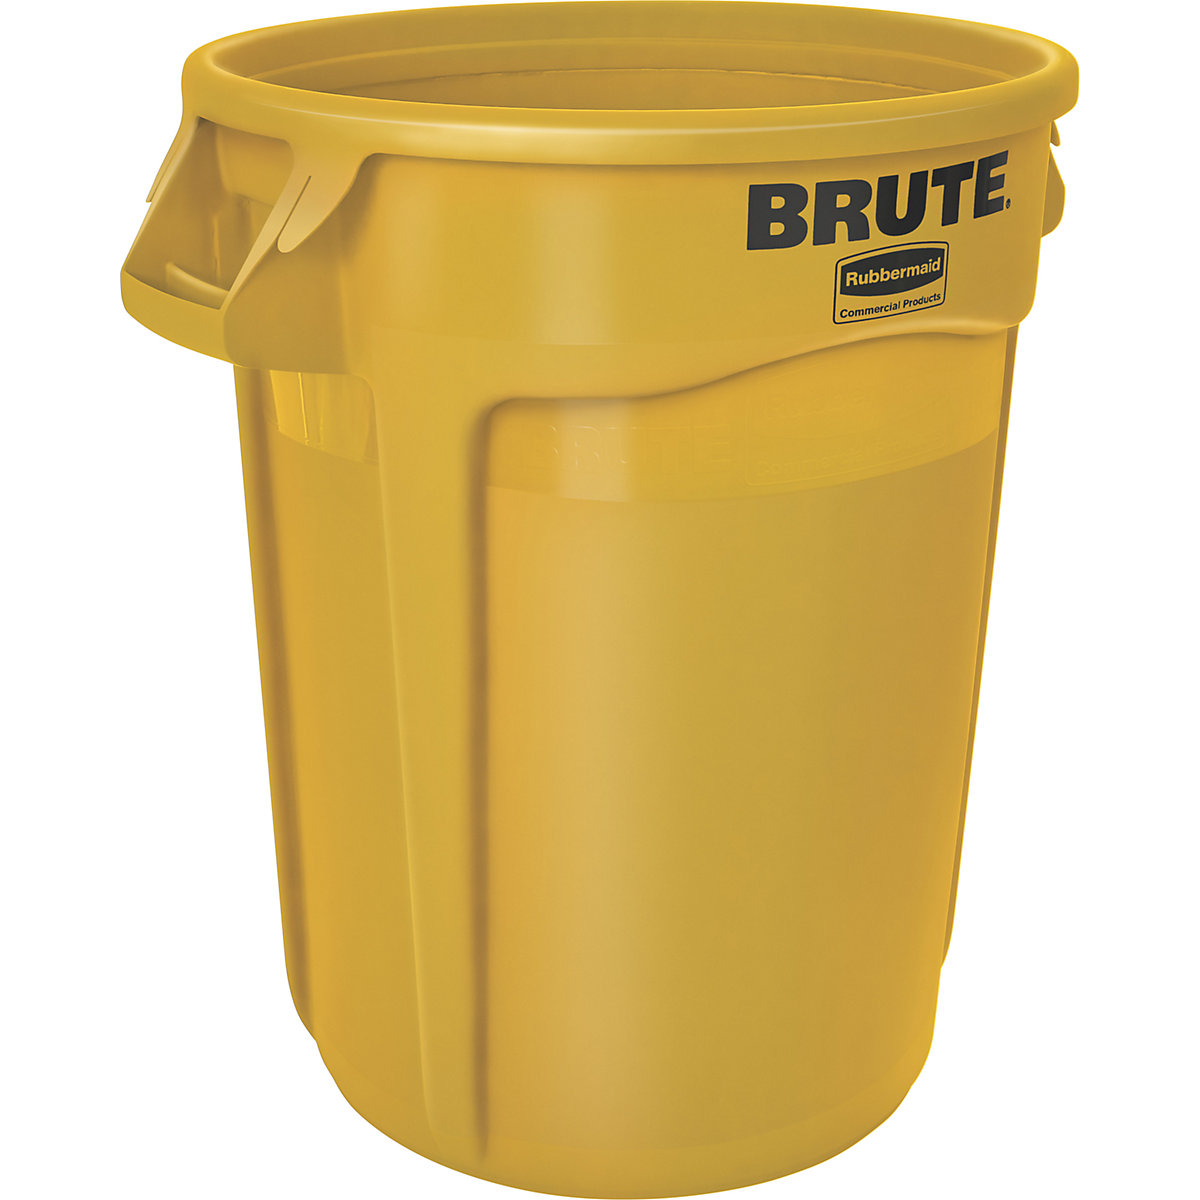 Universalcontainer BRUTE®, rund Rubbermaid, Inhalt 121 l, gelb
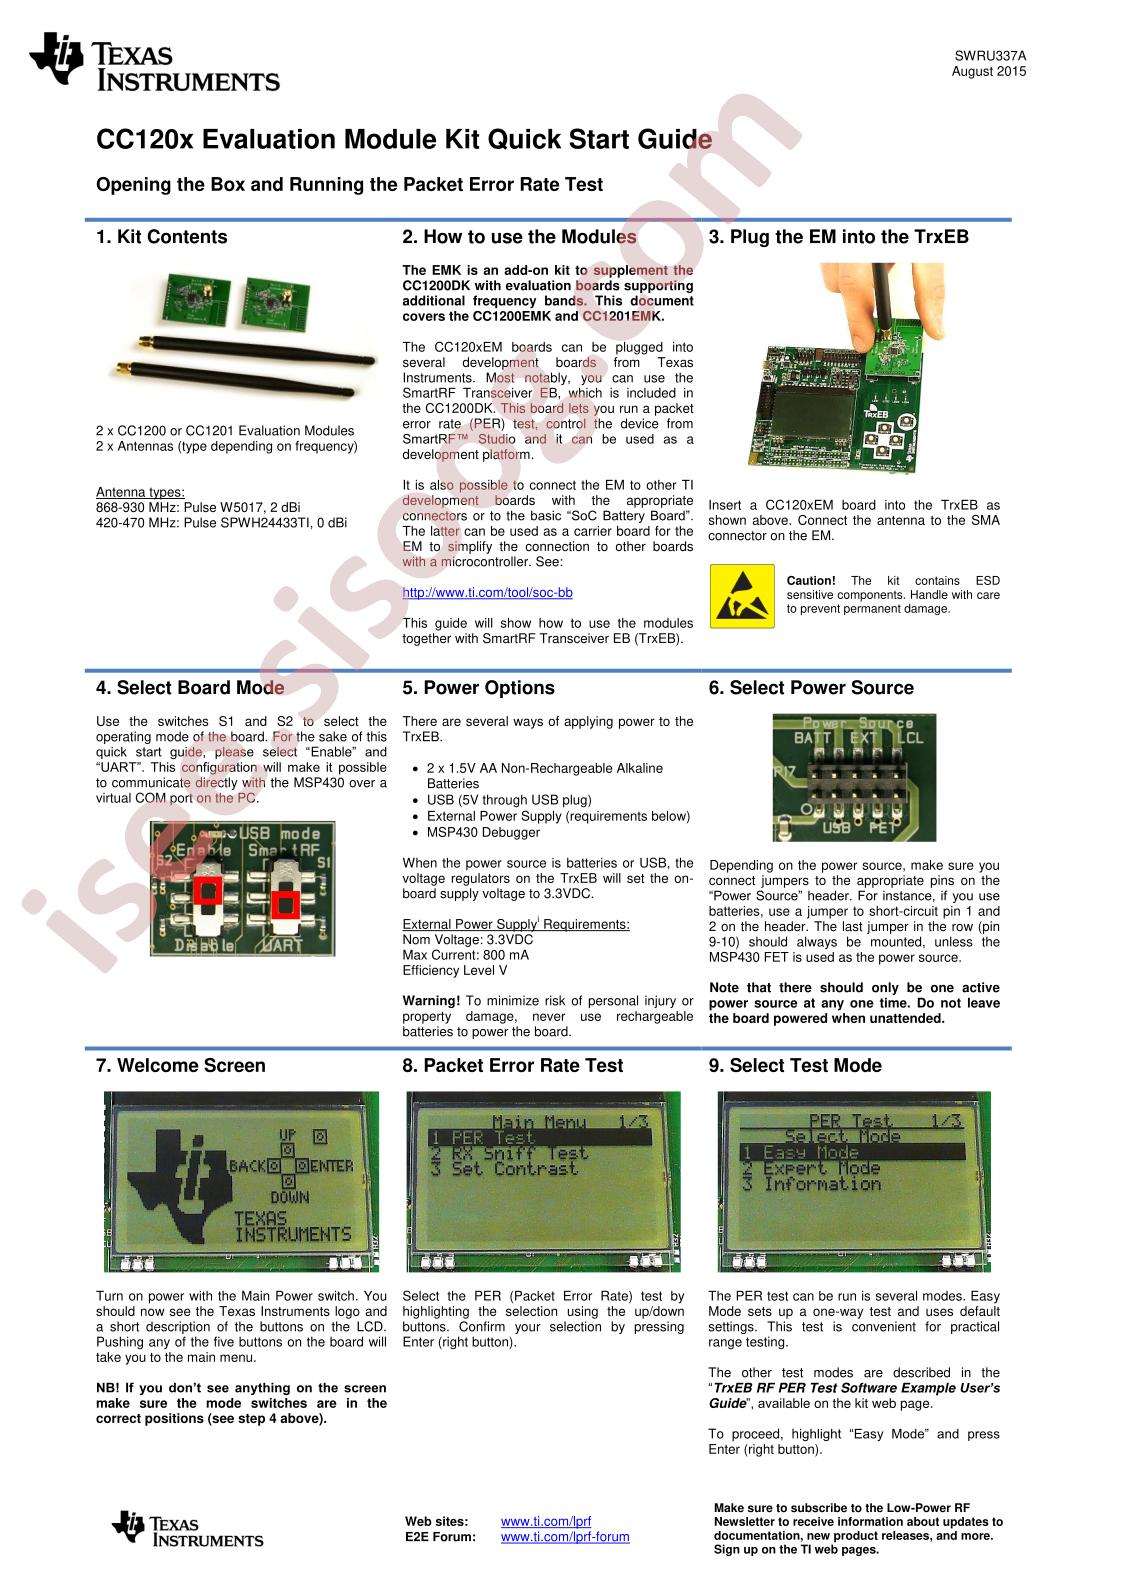 CC1200 User Guide Kit QSG
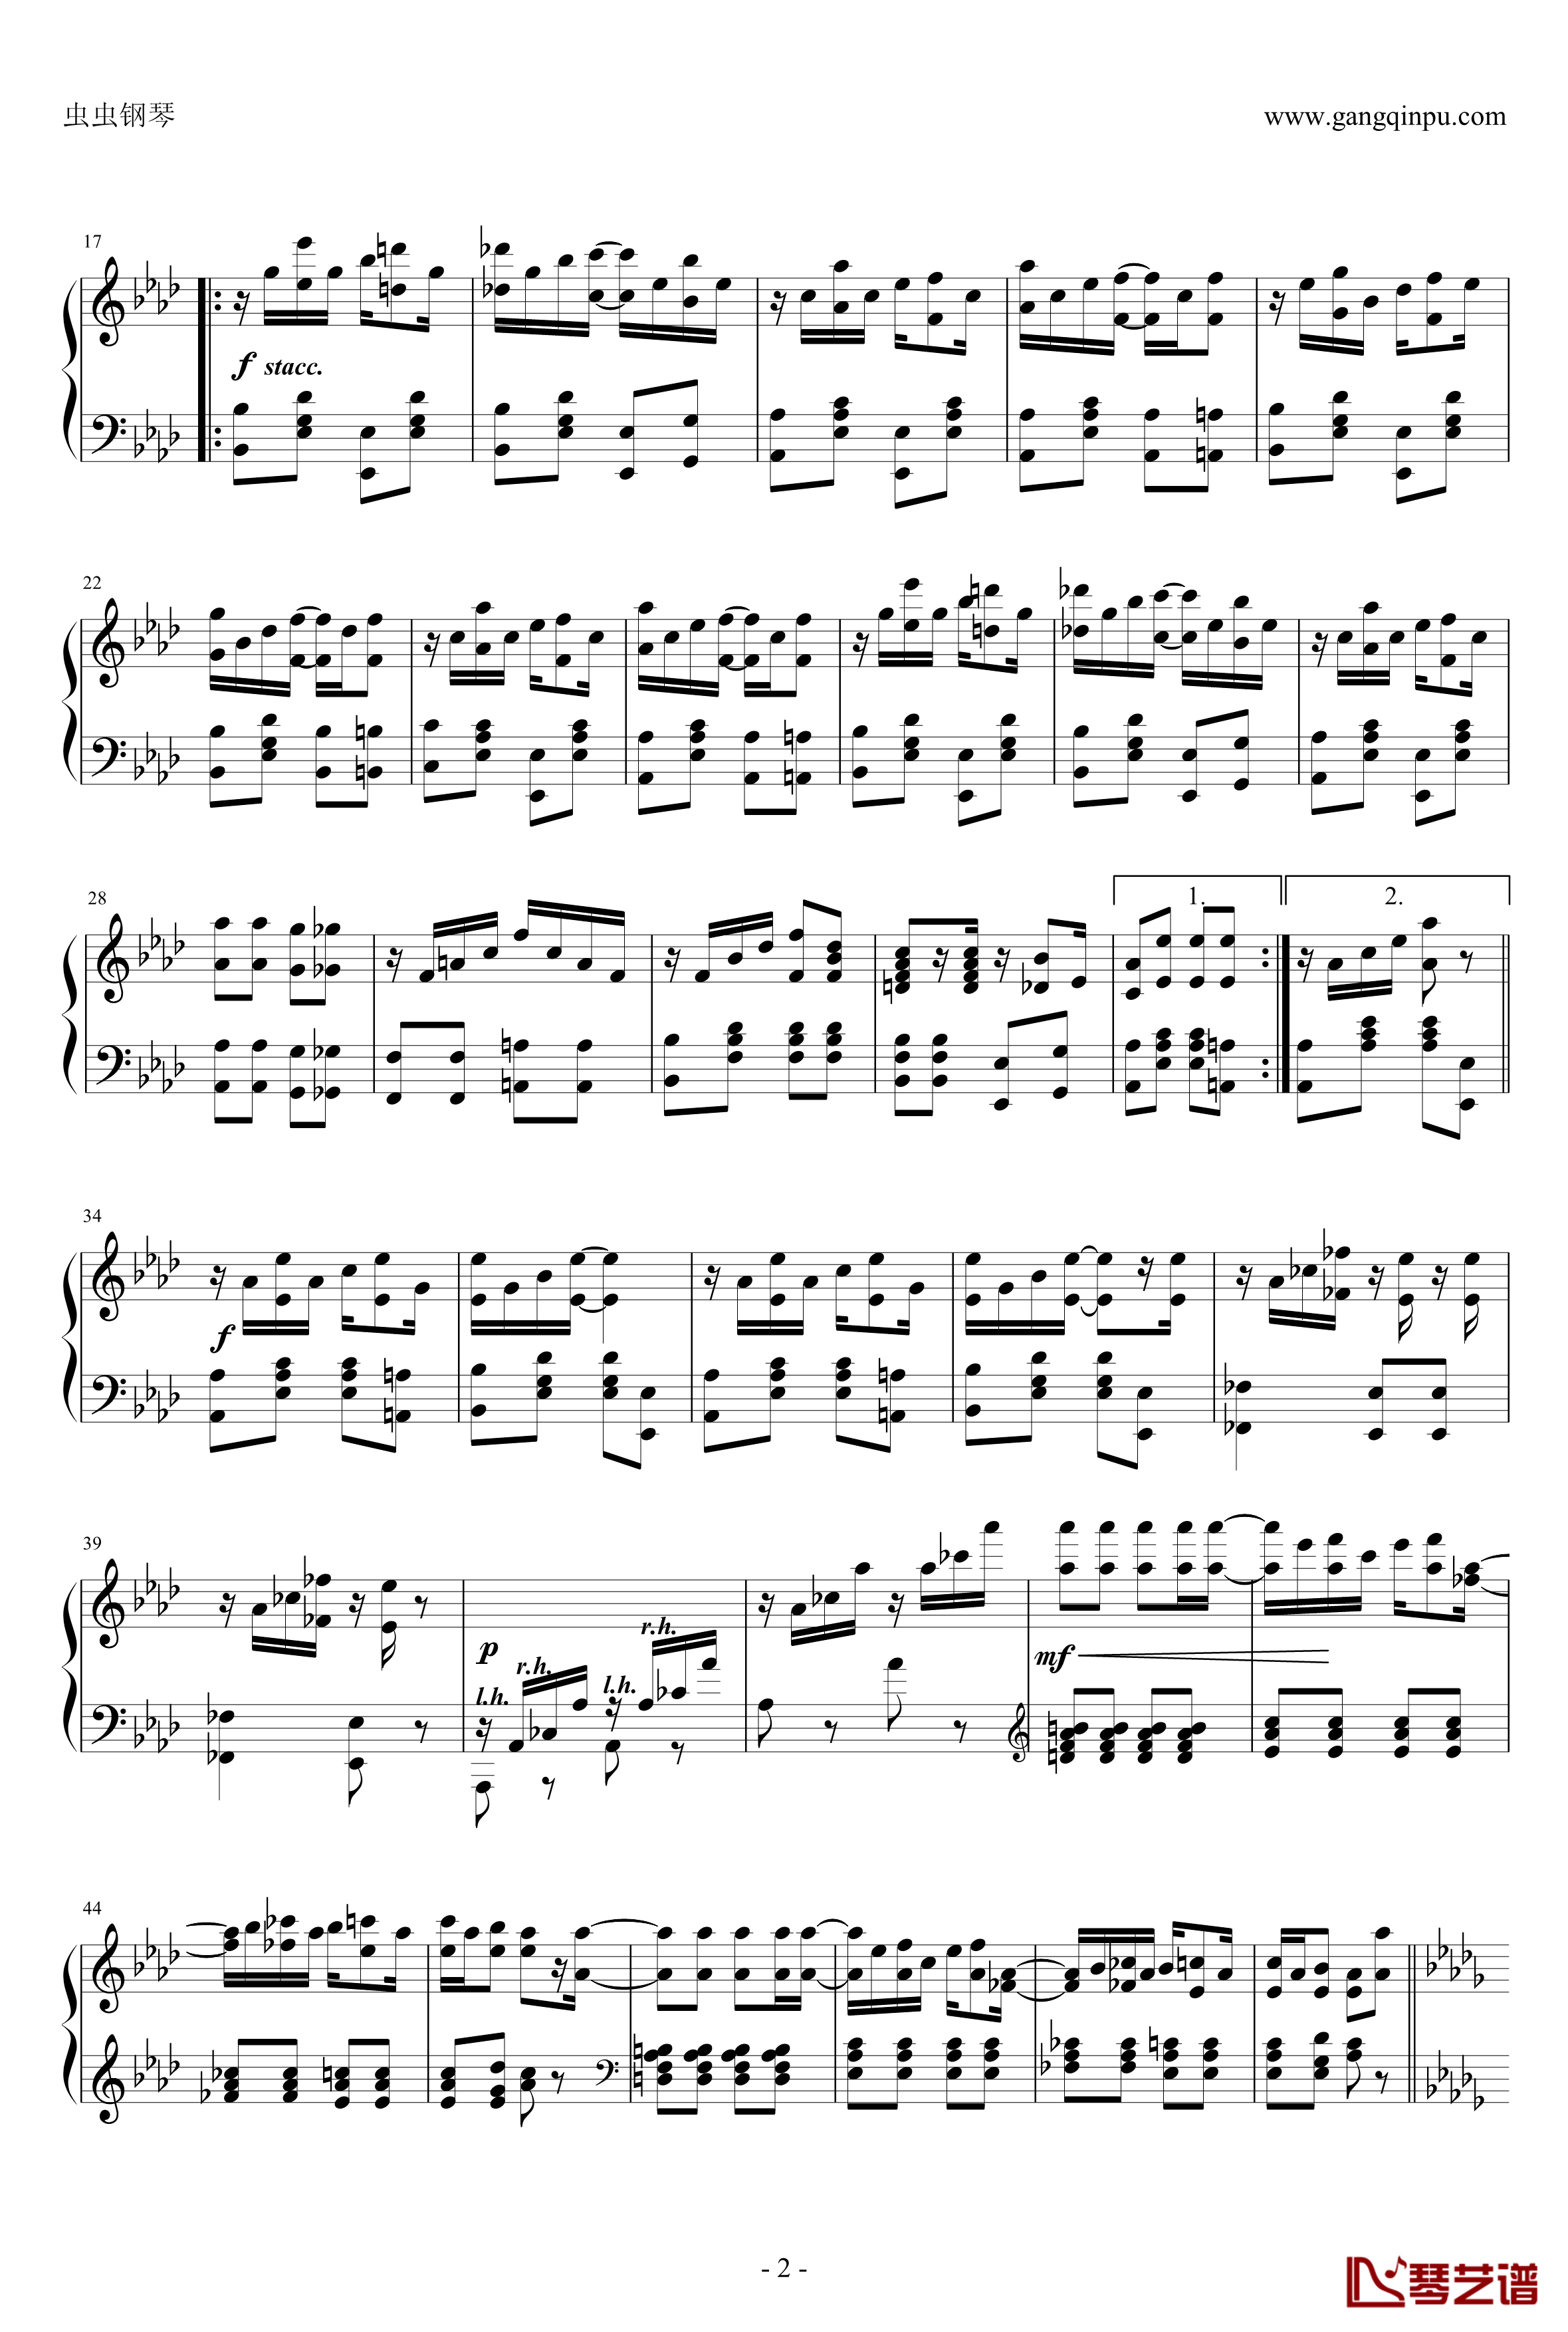 枫叶拉格钢琴谱-修订-斯科特 乔普林2
━━━━
• [Problem to solve] The data must come back word for word, with every picture removed.

• [Your response]
 Universalcontainer BRUTE®, rund Rubbermaid, Inhalt 121 l, gelb
 CC1200 User Guide Kit QSG
 枫叶拉格钢琴谱-修订-斯科特 乔普林2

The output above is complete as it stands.